Bruxelles a ainsi développé un plan à partir de quatre niveaux de risque et de huit domaines dans lesquels l’intelligence artificielle est de plus en plus utilisée.

- Les risques néfastes «sont contraires aux valeurs de l’UE, parce qu’ils portent atteinte à des droits fondamentaux (par exemple: notation sociale par les gouvernements, exploitation de la vulnérabilité des enfants, recours à des techniques subliminales et – sous réserve d’exceptions strictement limitées – utilisation par les forces de l’ordre de certains systèmes d’identification biométrique en temps réel et à distance dans les lieux accessibles au public)». La conformité avec les droits fondamentaux devra faire au minimum l’objet d’une évaluation, avec l’intervention d’un organisme extérieur.
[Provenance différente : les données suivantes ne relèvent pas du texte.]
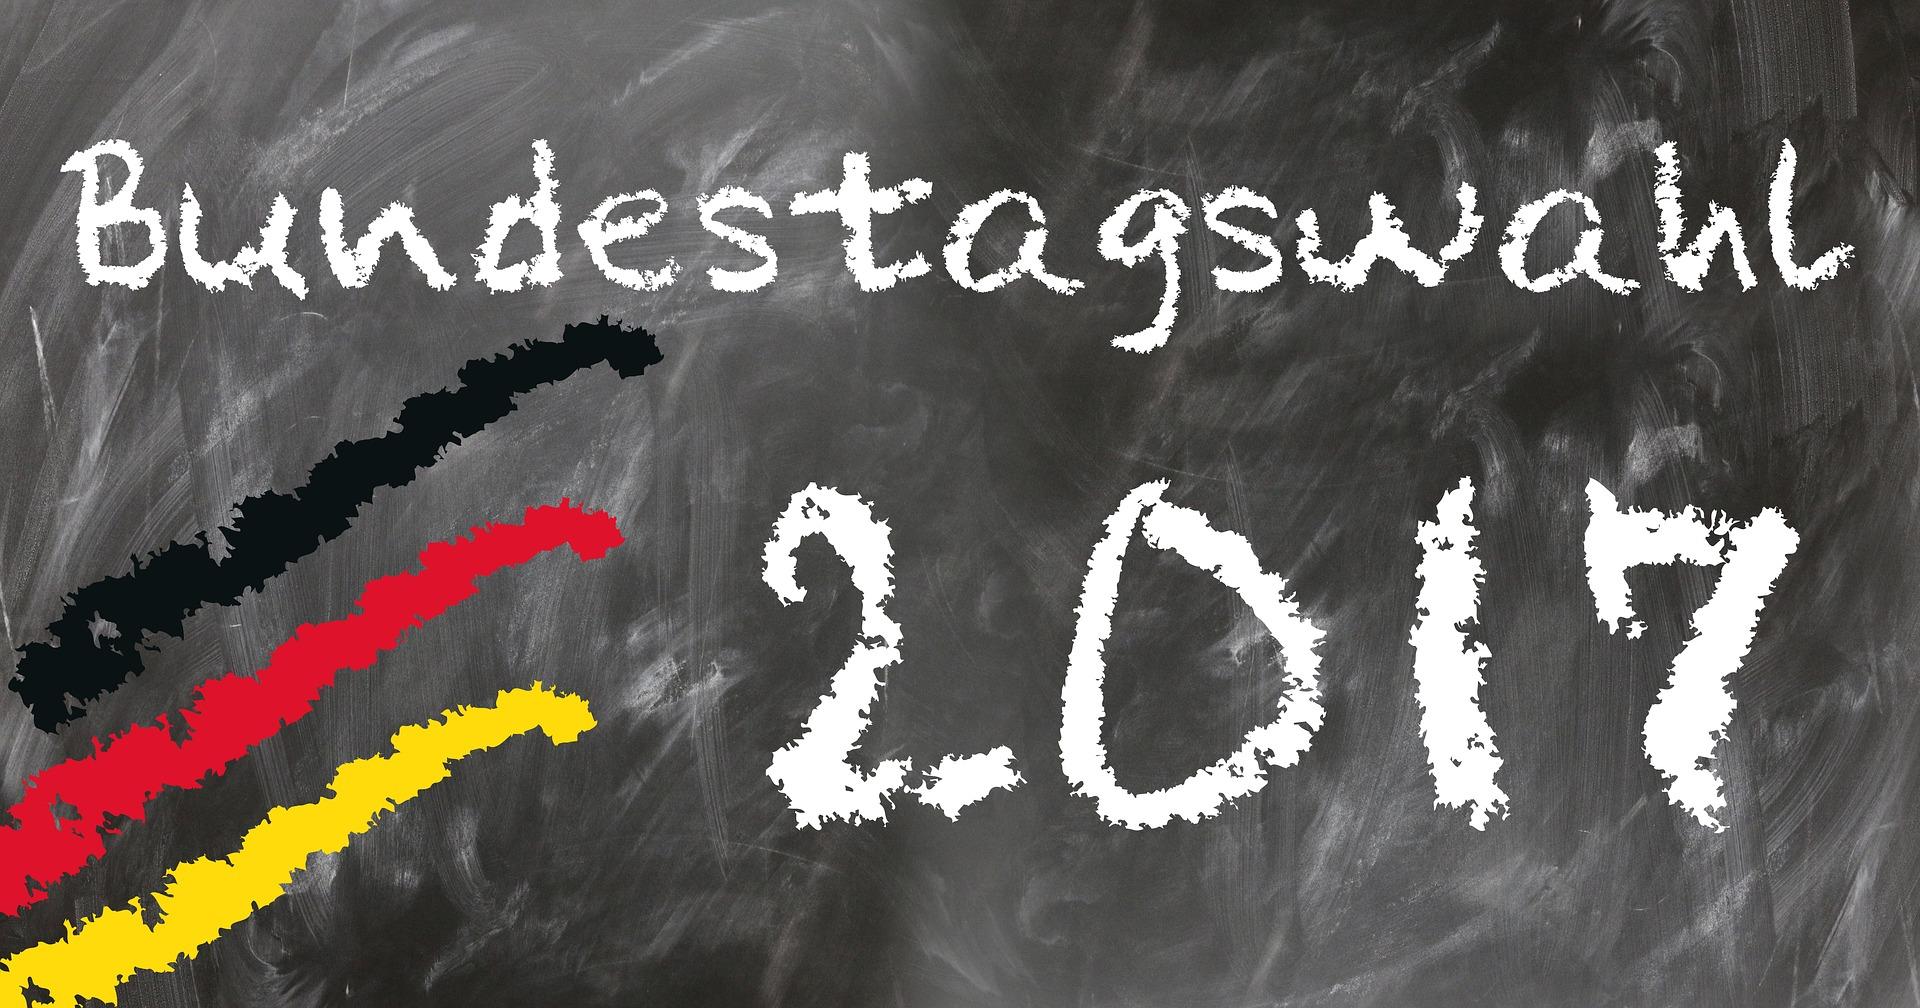 Bundestagswahl, Soziale Medien, Agentur Goldkind

Les États membres devront désigner une autorité de surveillance, qui sera elle-même représentée dans un Comité européen de l’intelligence artificielle, aux côtés de la Commission européenne et du Contrôleur européen de la protection des données.
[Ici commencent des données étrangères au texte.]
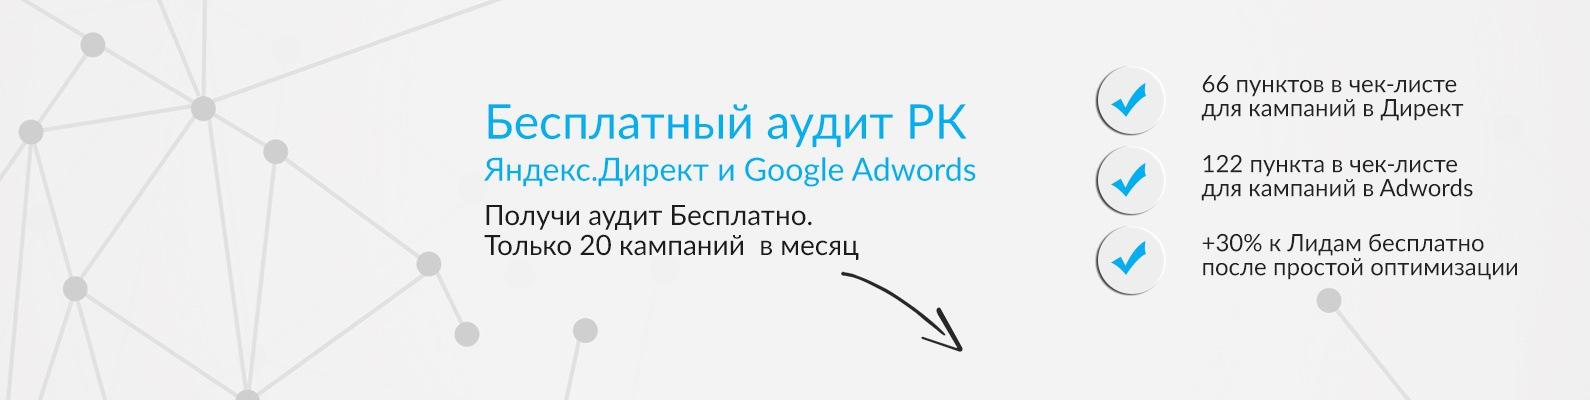 Бесплатный аудит яндекс директ google adwords customer support phone number

- Les risques élevés «ont une incidence négative sur la sécurité des personnes ou sur leurs droits fondamentaux (tels que protégés par la charte des droits fondamentaux de l’UE)».

- Les risques limités seront encadrés par des exigences de transparence minimales. Par exemple, un utilisateur ou un consommateur devra être averti qu’il discute avec un chatbot, et non pas avec une personne physique de son assureur ou de son site d’e-commerce.

- Les risques minimaux… pour tous les autres.

De quels secteurs parle-t-on?

Dans l’annexe des documents publiés par la Commission européenne figurent huit domaines visés par ce nouveau cadre réglementaire – qui devra encore passer par le processus législatif habituel de l’UE:

- les systèmes d’identification biométrique et d’identification des personnes en temps réel et a posteriori;

- les systèmes de gestion et opérationnels des infrastructures critiques (gestion du trafic sur les routes, eau, gaz, électricité, chauffage);

- les systèmes utilisés dans l’accès à l’éducation ou la formation professionnelle, qui peuvent déterminer l’accès à l’éducation et le parcours professionnel d’une personne (par exemple, la notation d’épreuves d’examen);

- les technologies d’IA utilisées dans le domaine de l’emploi, de la gestion de la main-d’œuvre et de l’accès à l’emploi indépendant (par exemple, les logiciels de tri des CV pour les procédures de recrutement);

- les technologies d’IA utilisées dans les services privés et publics essentiels (par exemple, l’évaluation du risque de crédit, qui prive certains citoyens de la possibilité d’obtenir un prêt) ou dans l’évaluation de la possibilité d’avoir accès ou pas à des soutiens publics, ou encore les systèmes qui, dans le secteur médical ou des interventions des pompiers, priorisent les interventions;

- toutes les technologies utilisées par les forces de l’ordre pour détecter l’état émotionnel d’une personne, pour détecter les faux, pour évaluer les preuves dans le cadre d’une enquête ou d’une instruction, les outils de profilage ou de prédiction des risques de comportement déviant, ou encore l’utilisation du big data pour faire émerger des liens entre des personnes dans le cadre d’enquêtes;

- les technologies d’IA utilisées dans le domaine de la gestion de la migration, de l’asile et des contrôles aux frontières (par exemple, la vérification de l’authenticité des documents de voyage);

- les technologies d’IA utilisées dans les domaines de l’administration de la justice et des processus démocratiques (par exemple, l’application de la loi à un ensemble concret de faits).